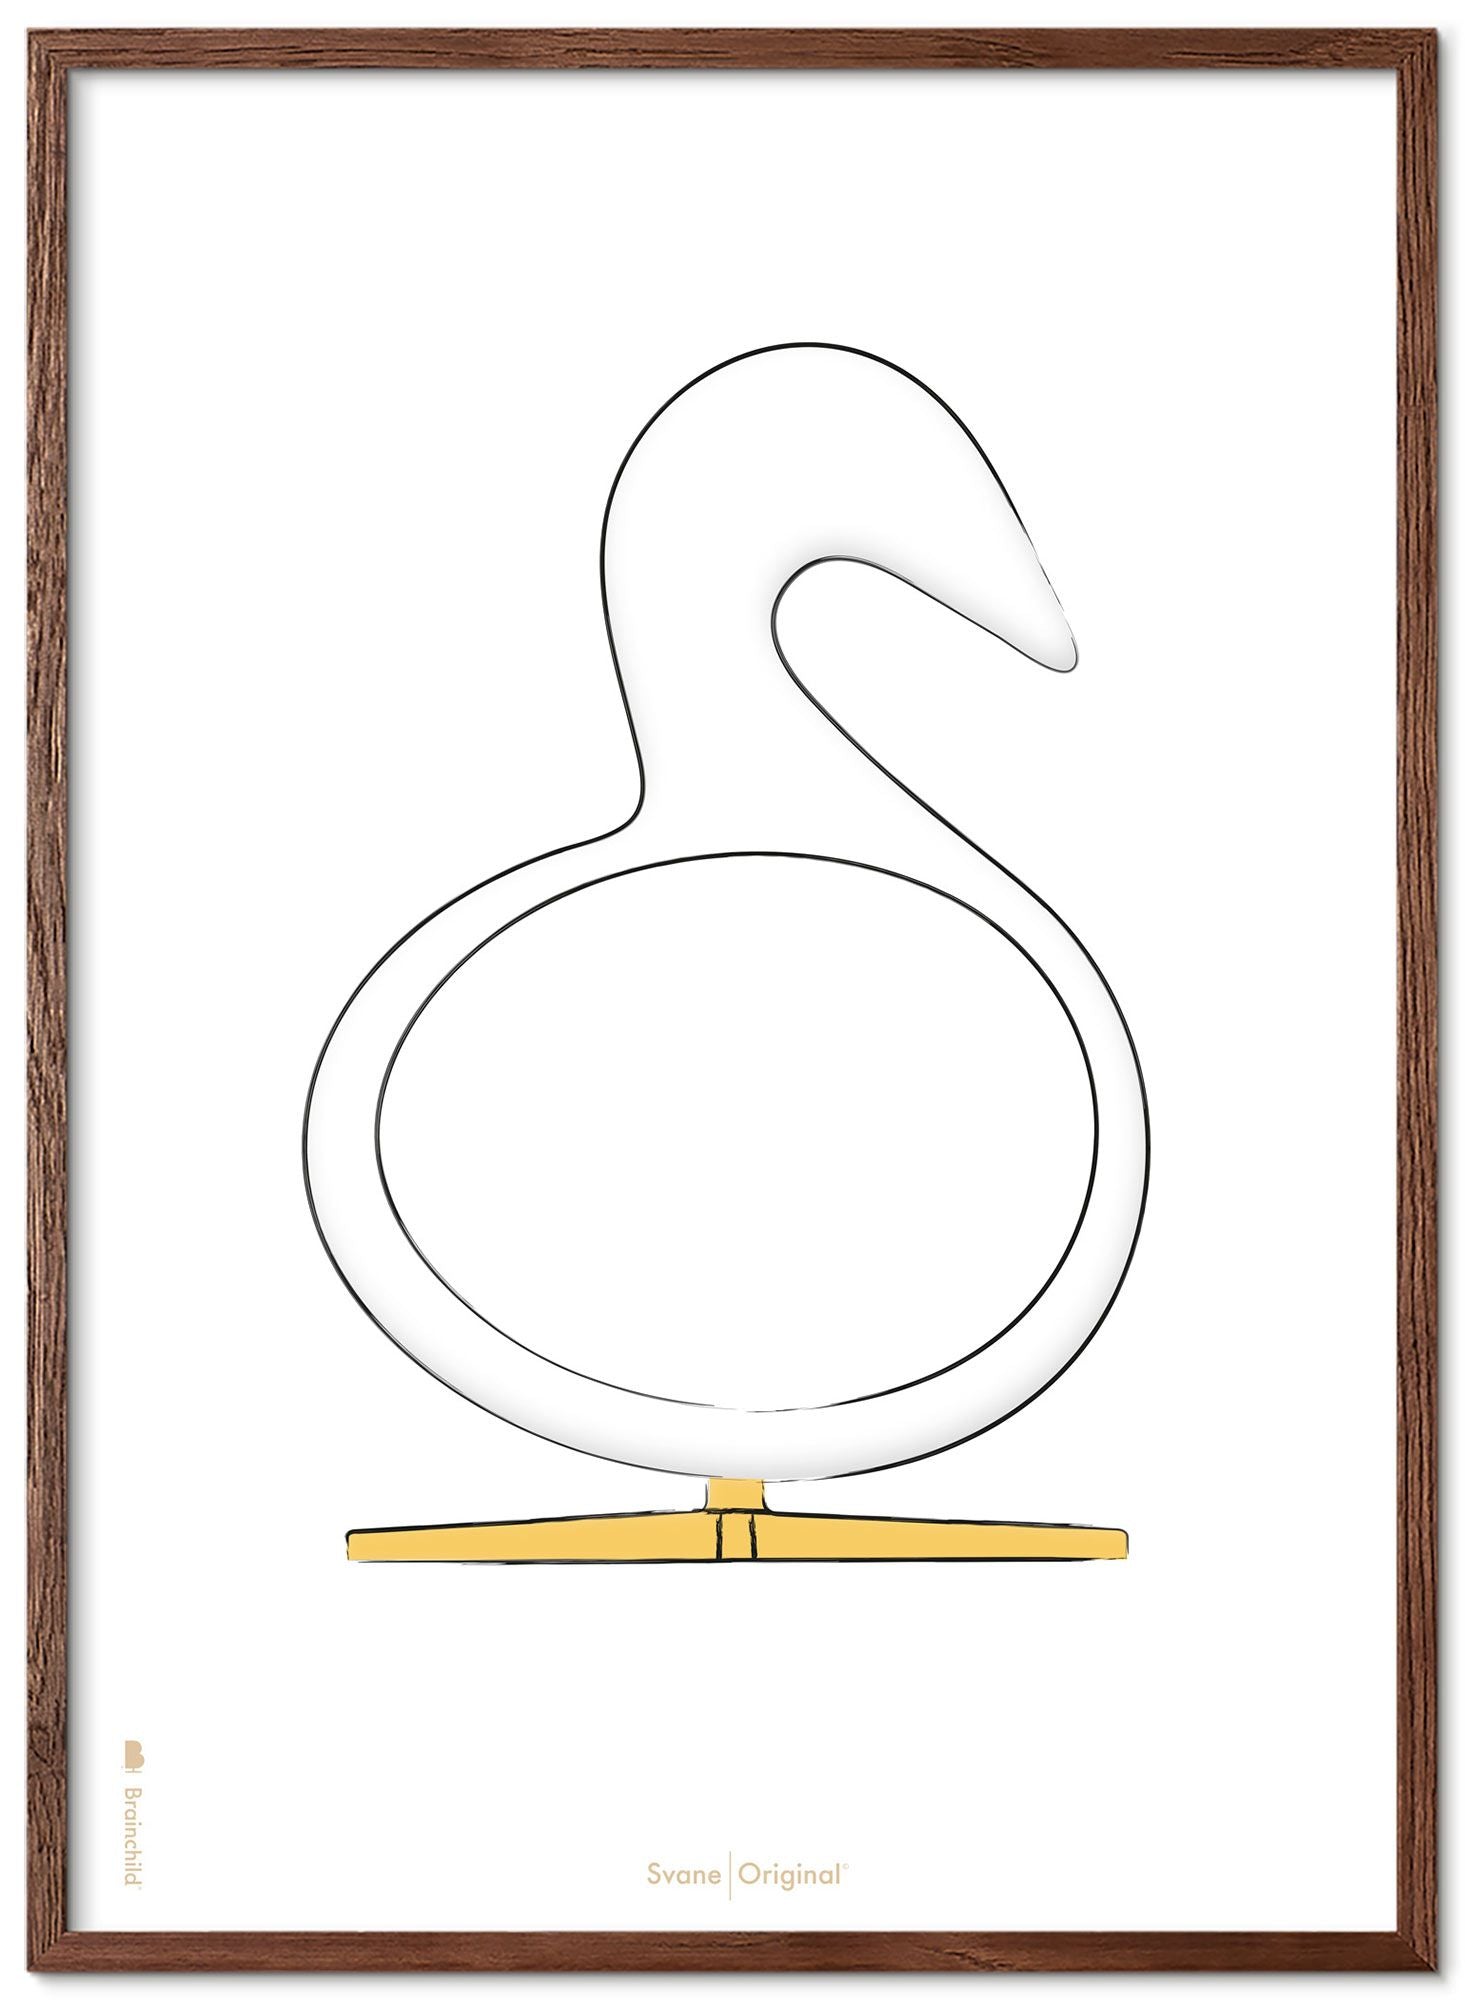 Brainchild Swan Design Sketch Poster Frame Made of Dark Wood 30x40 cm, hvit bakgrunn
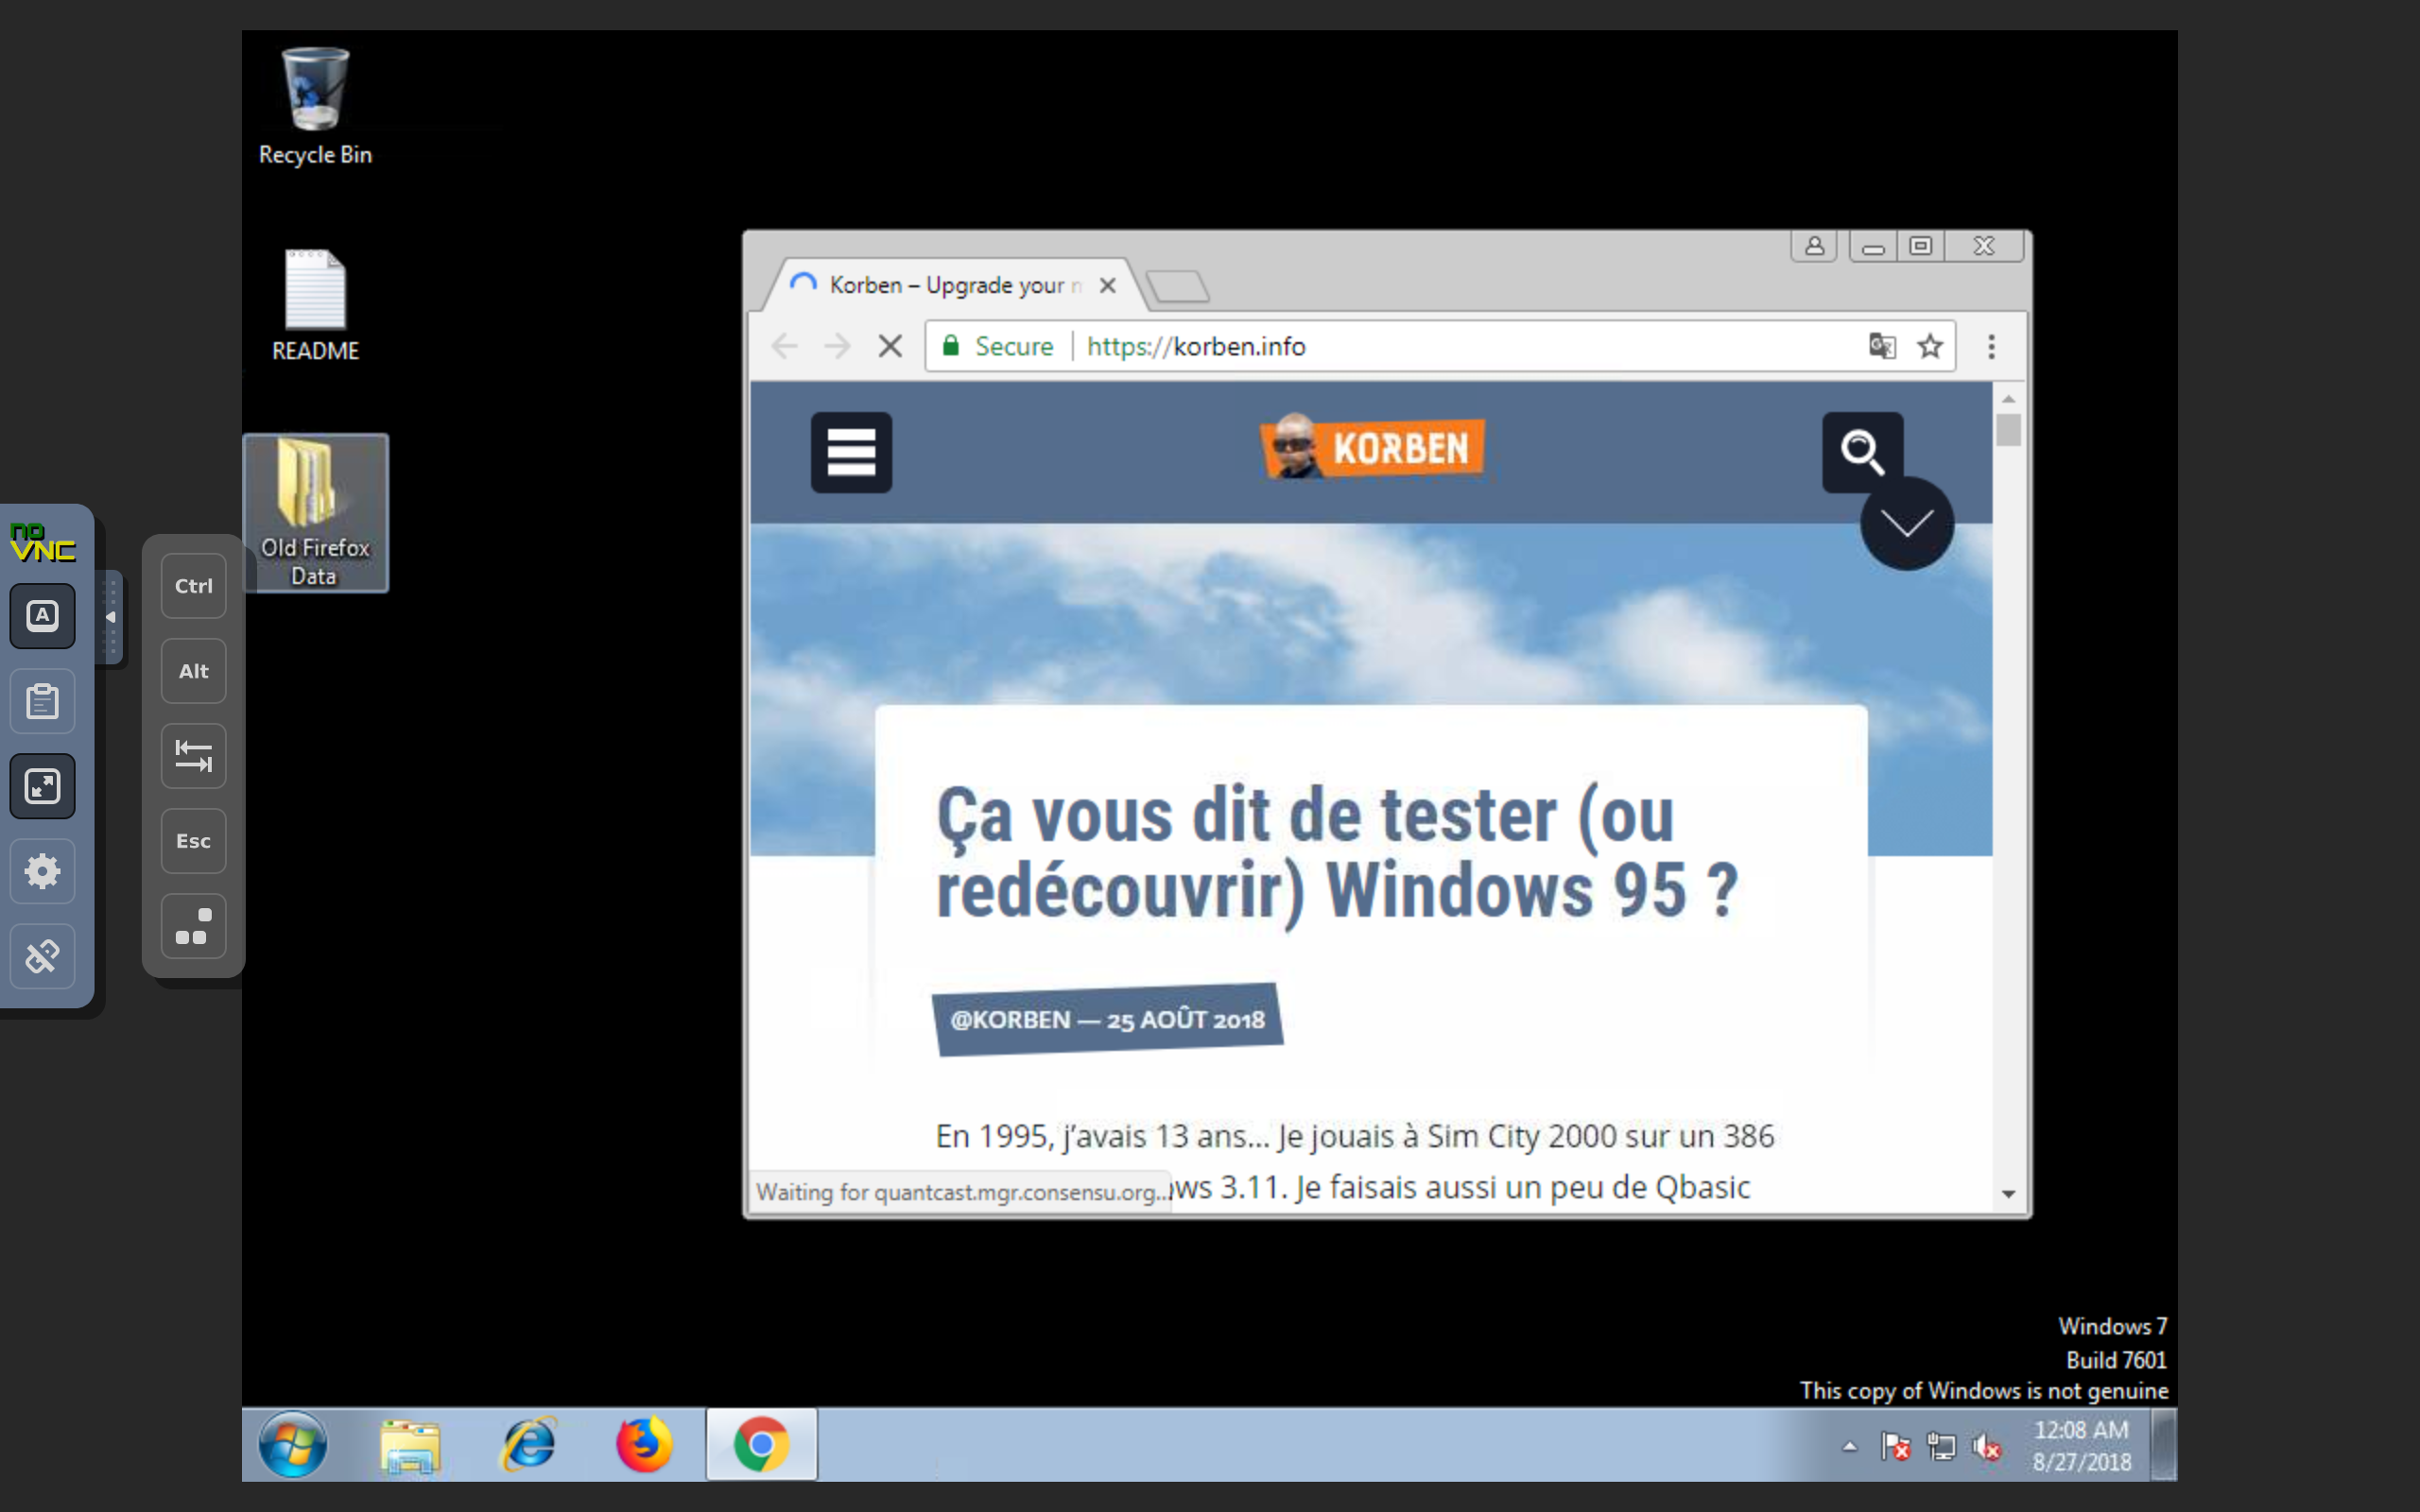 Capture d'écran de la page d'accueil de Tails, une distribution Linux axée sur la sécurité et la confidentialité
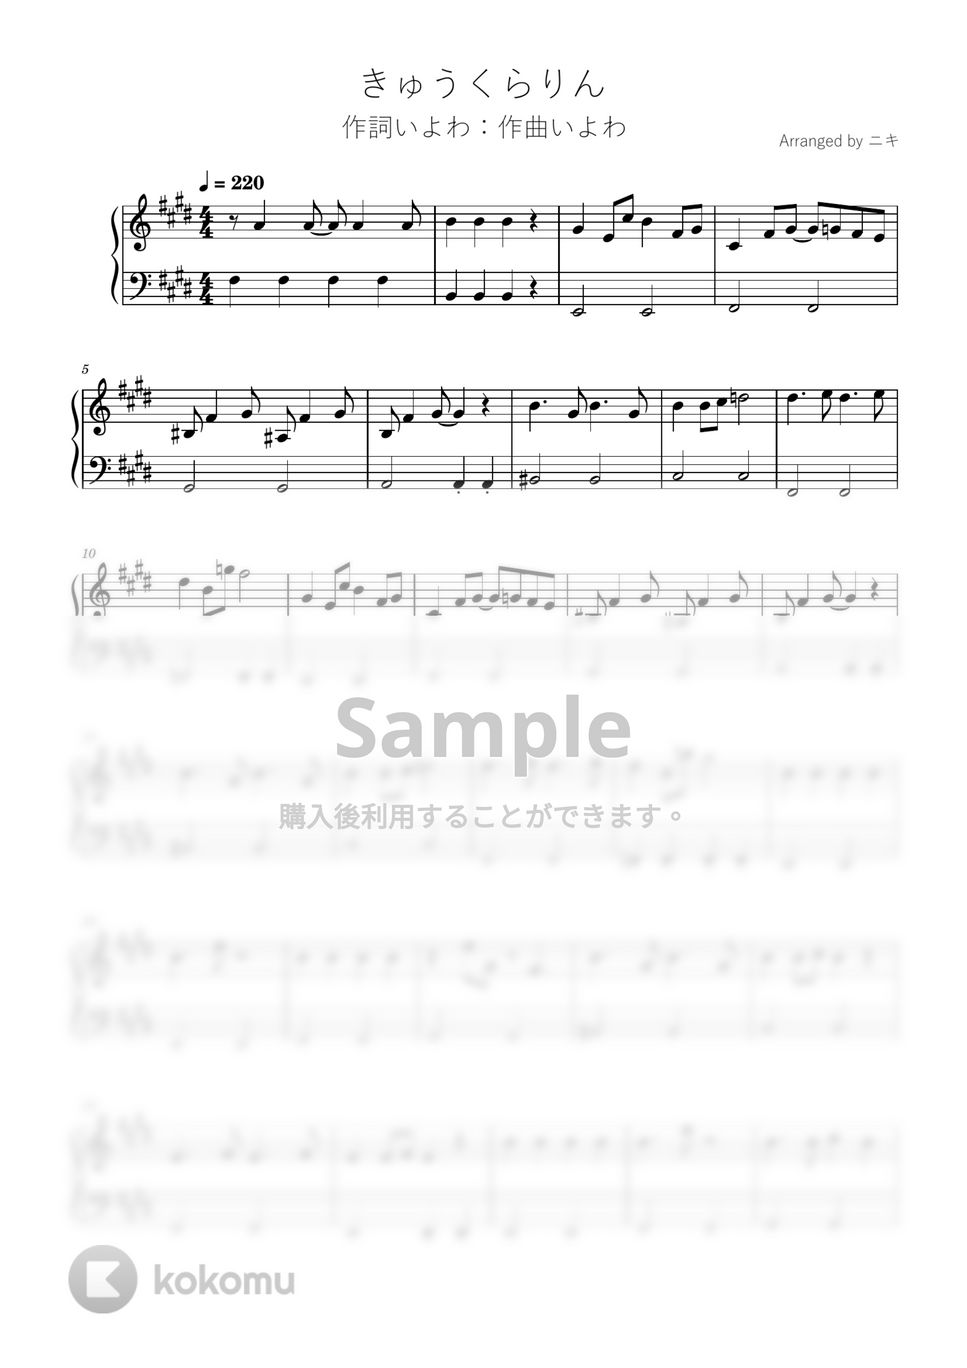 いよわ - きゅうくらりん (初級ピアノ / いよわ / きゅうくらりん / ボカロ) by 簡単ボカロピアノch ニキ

# DIRECTIONS FOR THIS TASK
Copy the listing exactly. No images belong in the copy.

# WRITTEN REPLY
 Brainchild Swan Design Sketch Poster Frame Made of Dark Wood 30x40 cm, hvit bakgrunn
 Capture d'écran de la page d'accueil de Tails, une distribution Linux axée sur la sécurité et la confidentialité
 いよわ - きゅうくらりん (初級ピアノ / いよわ / きゅうくらりん / ボカロ) by 簡単ボカロピアノch ニキ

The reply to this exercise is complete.